3.4Towards Opportunistic Use of the Open Science Grid

3.5Scalability and Reliability of the Shared Middleware Infrastructure

4Engagement and Outreach

4.1“Expanding the User Community”

4.2From local to global Grids

5Summary

6References

1Introduction

We develop, deploy, and operate distributed cyberinfrastructure for applications requiring data-intensive distributed computing technology. We achieve this goal through close cross-disciplinary collaboration with computer scientists, middleware developers and scientists in other fields with similar computing technology needs. We deploy the Data Intensive Science University Network (DISUN), a grid-based facility comprising computing, network, middleware and personnel resources from four universities: Caltech, the University of California at San Diego, the University of Florida and the University of Wisconsin, Madison. In order for DISUN to enable over 200 physicists distributed across the US to analyze petabytes per year of data from the CMS detector at the Large Hadron Collider (LHC) project at CERN, generic problems with a broad impact will be addressed.

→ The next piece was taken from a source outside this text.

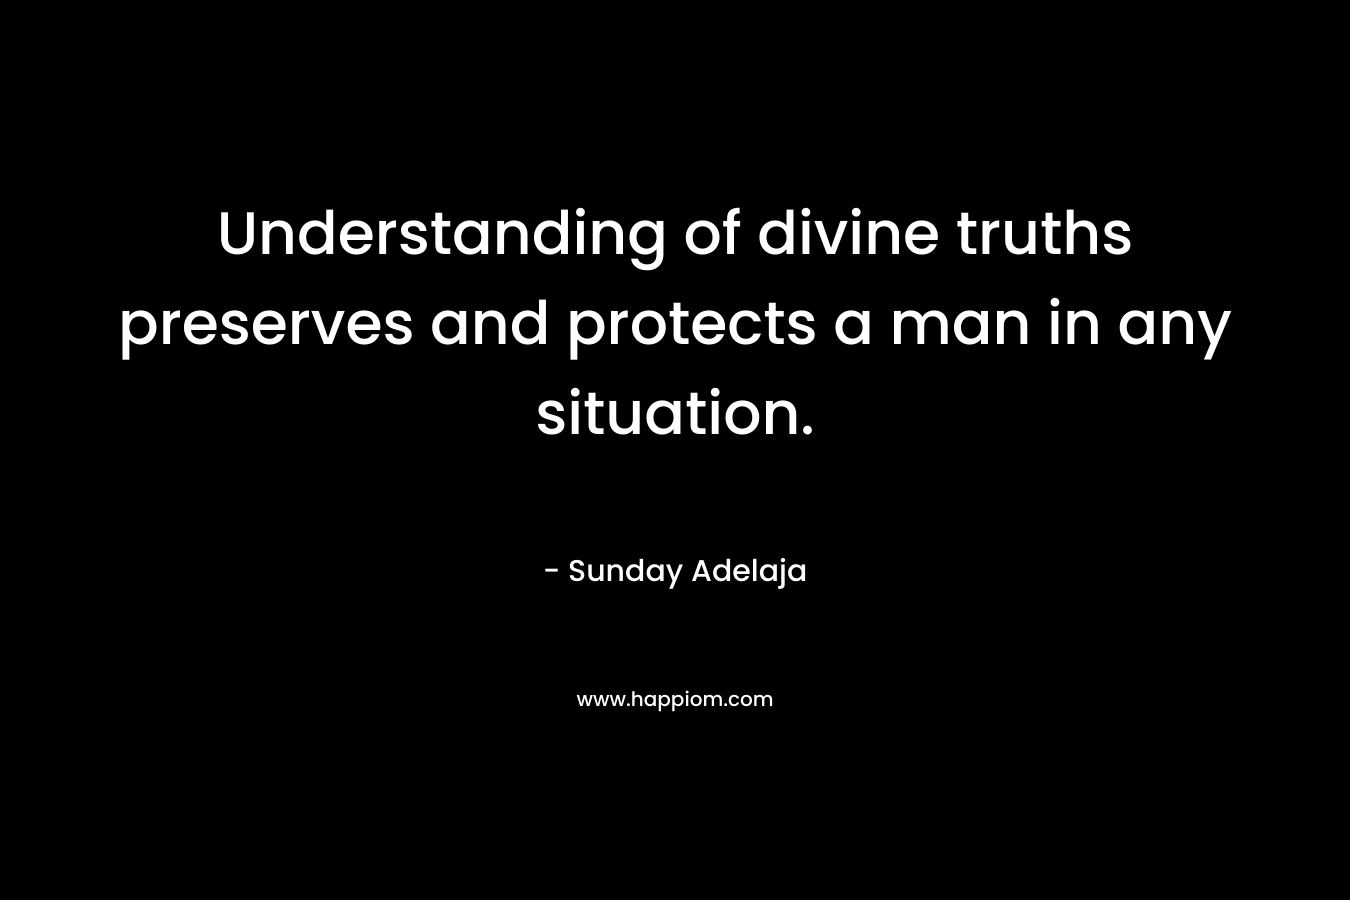 Understanding of divine truths preserves and protects a man in any situation.

DISUN will constitute a sufficiently large, complex and realistic operating environment that will serve as a model for shared cyberinfrastructure for multiple disciplines and will provide a test bed for novel technology. In addition, DISUN and the CMS Tier-2 sites will be fully integrated into the nation-wide Open Science Grid as well as with campus grids (e.g., GLOW), which will make this shared cyberinfrastructure accessible to the larger data intensive science community.

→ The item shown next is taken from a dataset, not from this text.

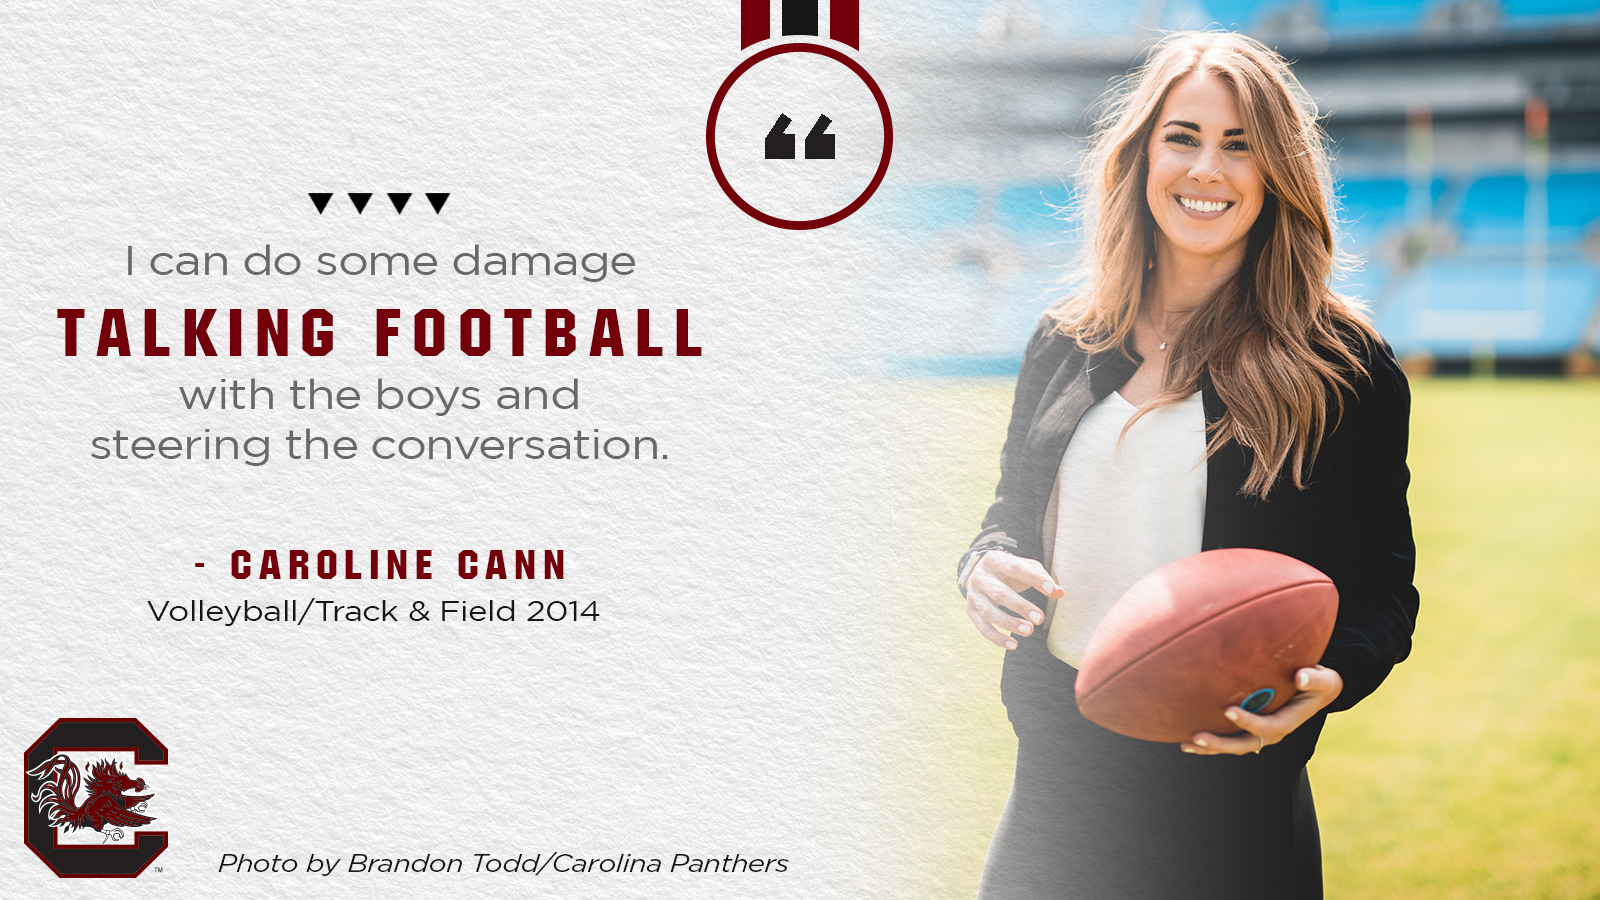 Former Gamecock Caroline Cann is Blazing a Trail in the NFL

This report is prepared for the annual agency review of the US CMS software and computing project. It so happens that these reviews are out of phase by 6 months from the DISUN funding cycle. As a result, we report here only for the 6 month period since the last DISUN Annual Report, and refer to the latter report for additional information.

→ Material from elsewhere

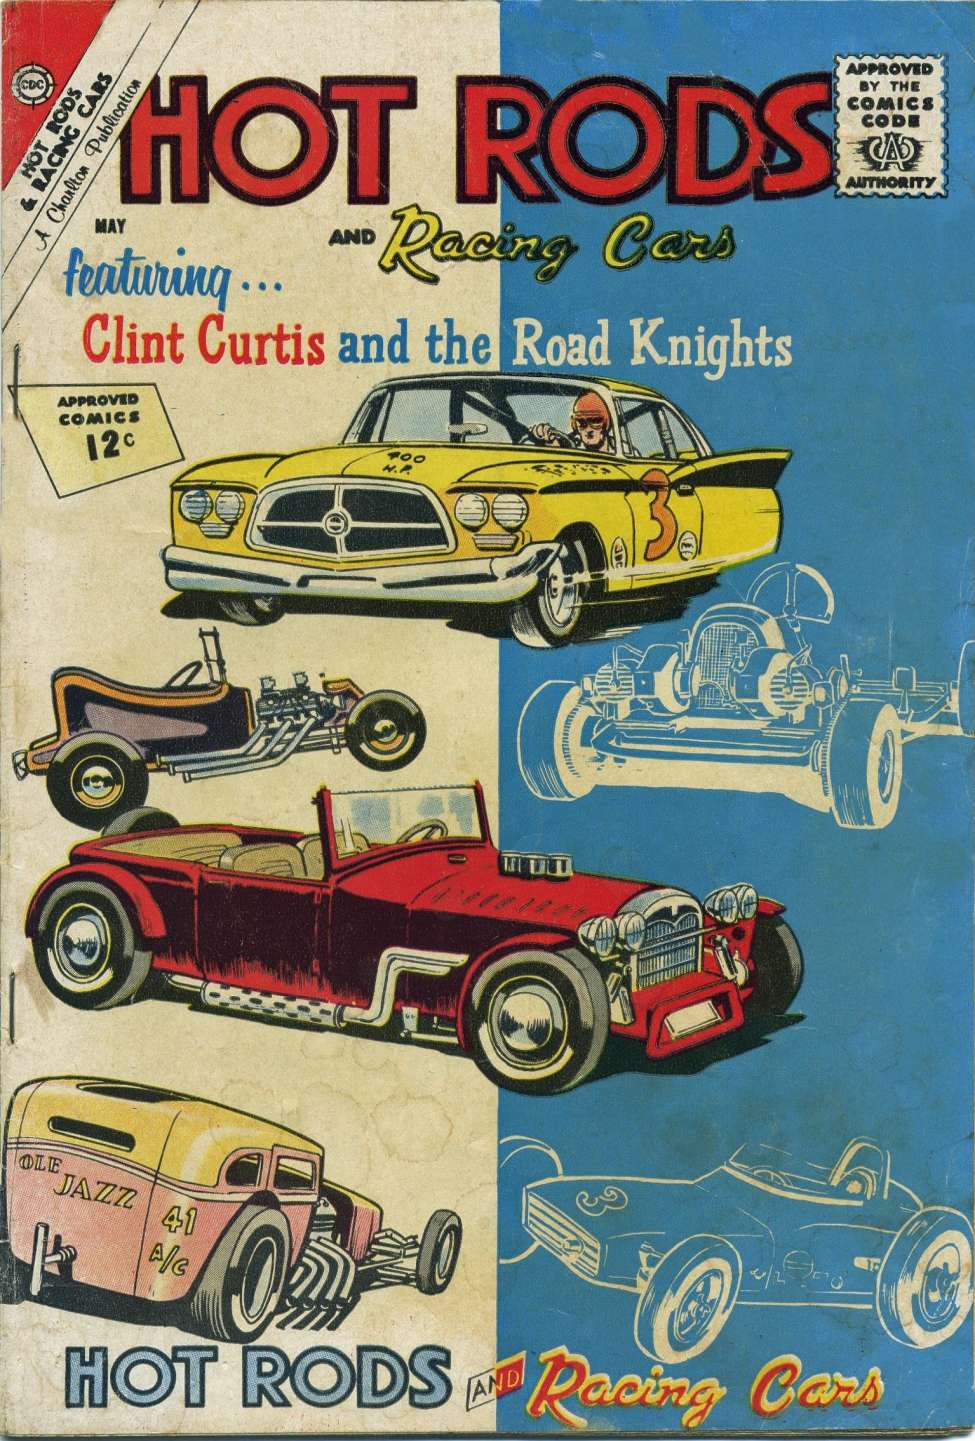 Book Cover For Hot Rods and Racing Cars 57

The DISUN funds of $10 Million over 5 years are budgeted as 50% hardware and 50% personnel funds. The hardware funds are deployed as late as possible in order to maximally benefit from Moore’s law while at the same time providing sufficient hardware to commission the computing centers, and overall cyberinfrastructure, and provide for computing resources to prepare for the physics program of the CMS experiment. The personnel is fully integrated into the USCMS software and computing project. Half of the DISUN personnel is dedicated to operations of the DISUN facility, and is fully integrated into the US CMS Tier-2 program, lead by Ken Bloom.

The other half of the personnel is part of the “distributed computing tools” (DCT) group within US CMS, which is lead by DISUN. The focus of this effort within the last 18 months, has been in the following areas. First, DCT contributes to the development of the CMS Monte Carlo production infrastructure that is used globally in CMS. Second, DISUN is responsible for all CMS Monte Carlo production on OSG. This includes both generation at US CMS Tier-2 centers, as well as opportunistic production on OSG, and we will discuss those two separately below. Third, DISUN centrally maintains CMS application software installations on all of OSG. These installations are used both by the Monte Carlo production as well as the user data analysis on the Open Science Grid. As fourth focus area, DISUN is working with Condor and OSG on scalability and reliability of the shared cyberinfrastructure. In addition to these primary focus areas DISUN is engaged in outreach and engagement to enable scientists in other domains to benefit from grid computing, and to work with campus, regional, and global grids other than the Open Science Grid on issues related to interoperability, and in general towards the goal of establishing a worldwide grid of grids.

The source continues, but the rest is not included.